More significant figures = greater levels of zooming into the fractal
Back when I wrote a version of this screensaver in Delphi 7, I used the extended floating point type, 80 bits in size.
In .NET, I could switch to decimal, but the performance hit for this is terrible, slowing down fractal generation by a factor of 20 or so.
Is there any equivalent of extended for .NET? Or, alternatively, are there any numeric types with higher precision than double that still use the FPU for evaluation and therefore don't have the high performance hit of decimal?
Update
My screensaver already manages to zoom into the fractal by many (many!) orders of magnitude; currently it resets to the base fractal only when the numeric type in use is unable to separate the ordinates for adjacent pixels.

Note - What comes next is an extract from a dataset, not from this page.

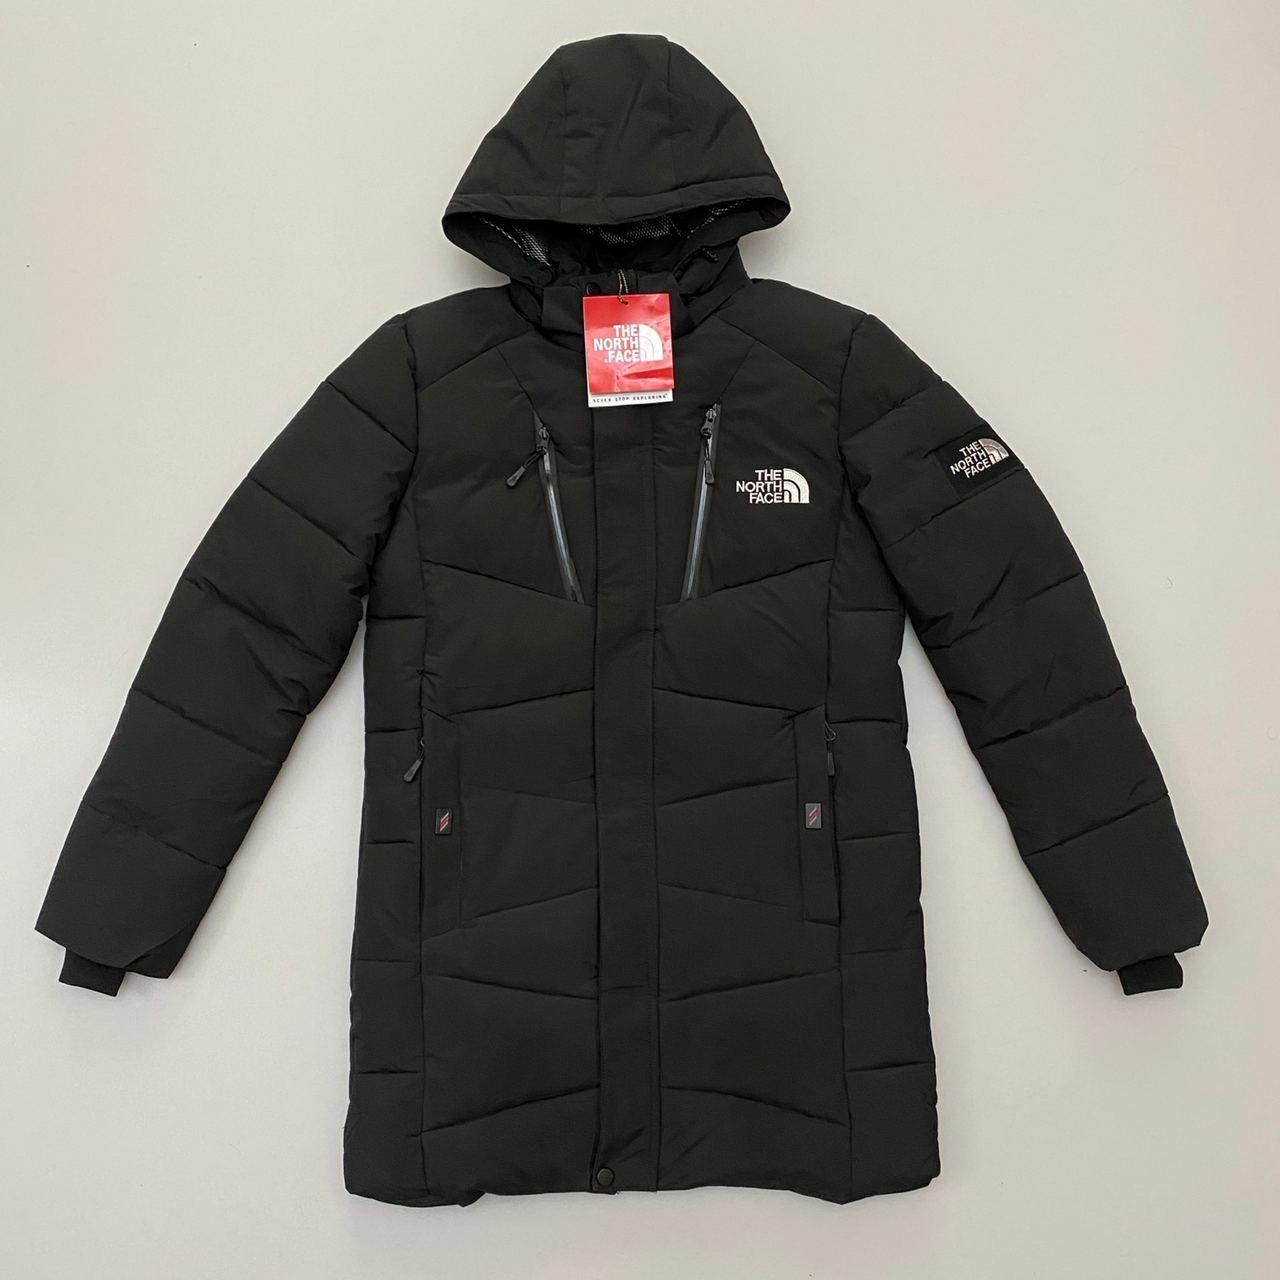 Люкс качество! Мужская куртка The North Face на осень-зиму в 2х цветах

The extra 16 bits of precision from the double-extended improvement would give me close to 16 more doublings of size.
As to performance, my algorithm already manages to eliminate 95-99% of the math required (as compared to a naive implementation that calculates many pixels), while retaining the integrity of the fractal.
That means even your Delphi program may not perform well in 64bit platforms.
If you need a numeric data type with more than 64bits then go for
decimal
and optimize your algorithms to improve performance.